Цель — не отъём имущества, не захват власти, но сбережение чести своей.

Кража святынь, при таком раскладе, выглядит не стремлением к усилению своему, но обретение защиты от наказания божьего за грех смертный. «Чти отца своего» — из Заповедей.

«Чти»! Даже если он — взбесившийся похотливый остеохондрозник.

Глеб… Кажется, рождения этого ребёнка хитрецы не предусмотрели.

«Житие» говорит, что в 1175 году, в момент убийства, ему было восемнадцать. Значит, он родился в 1157 году. Если соитие свёкра и снохи состоялось в конце января — вполне возможно.

Не от этого ли несколько пренебрежительное согласие Андрея на книжность княжича, на отдание его в обучение наукам духовным? И занятие пристойное, и с глаз долой, и исключение из «лествицы», из порядка наследования. «Отрыжке греха» не место в ряду славных князей русских. Монашеский клобук — единственный «мирный» способ выскочить из-под княжеского корзна. Иначе — бесчестие, изгнание, темница, могила.

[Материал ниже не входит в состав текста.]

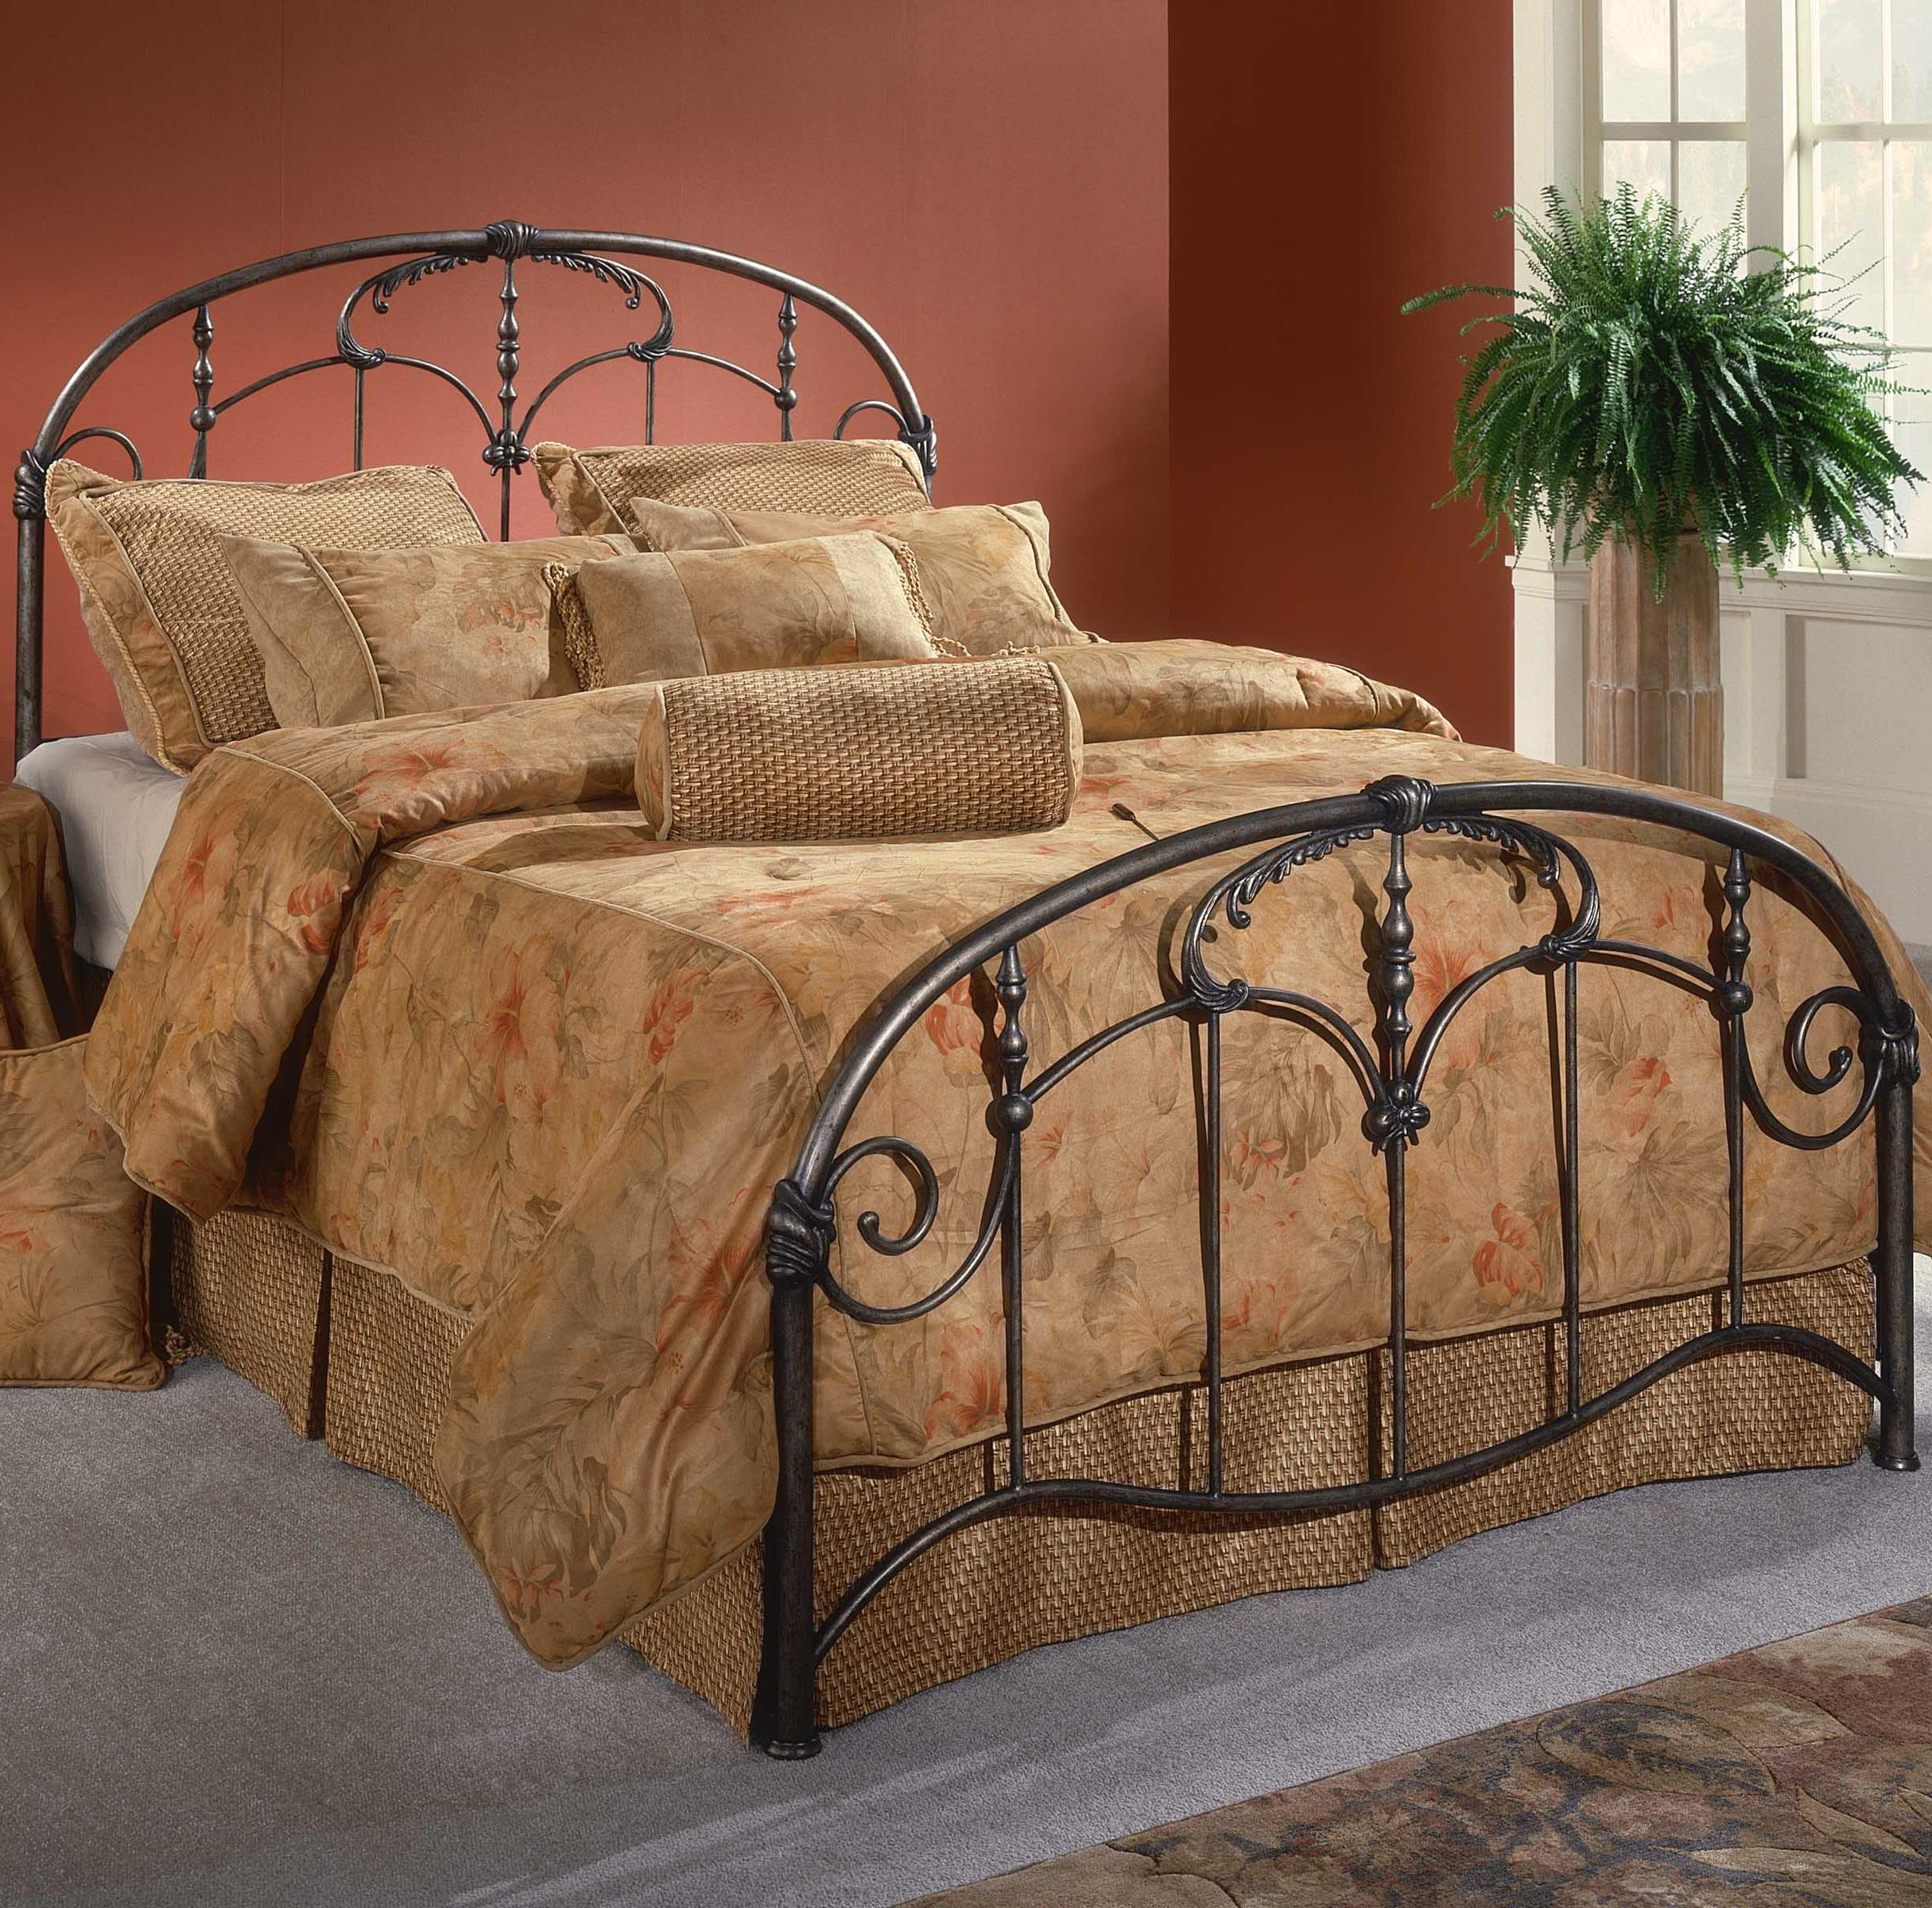 Metal Beds King Jacqueline Bed by Hillsdale at Steger's Furniture

Чуть раньше/позже? Потащил бы Андрей беременную жену или жену с новорожденным младенцем в тысячевёрстную зимнюю дорогу, в преддверие явно подступающей большой войны?

Военные приготовления шли по всей Руси. Есть летописное сообщение о том, что в Чернигове известие о смерти Долгорукого было получено в первый день объявленного похода. Военного похода на Киев.

Одна из версий знаменитого эпизода «Иван Грозный убивает своего сына» предполагает снохачество или поползновение к оному, как обоснование ссоры между Иваном Васильевичем и Иваном Ивановичем. А здесь? Отец сына не убил. Скорее наоборот — уход Андрея от Киева развязал руки противникам князя Юрия. Гибель семи сотен суздальцев — людей Долгорукого, вместе с их семьями, в Раю за Днепром, от взбунтовавшегося киевского отребья — на совести Андрея. Был бы он рядом — утопил бы мятеж в крови, сохранил своих людей.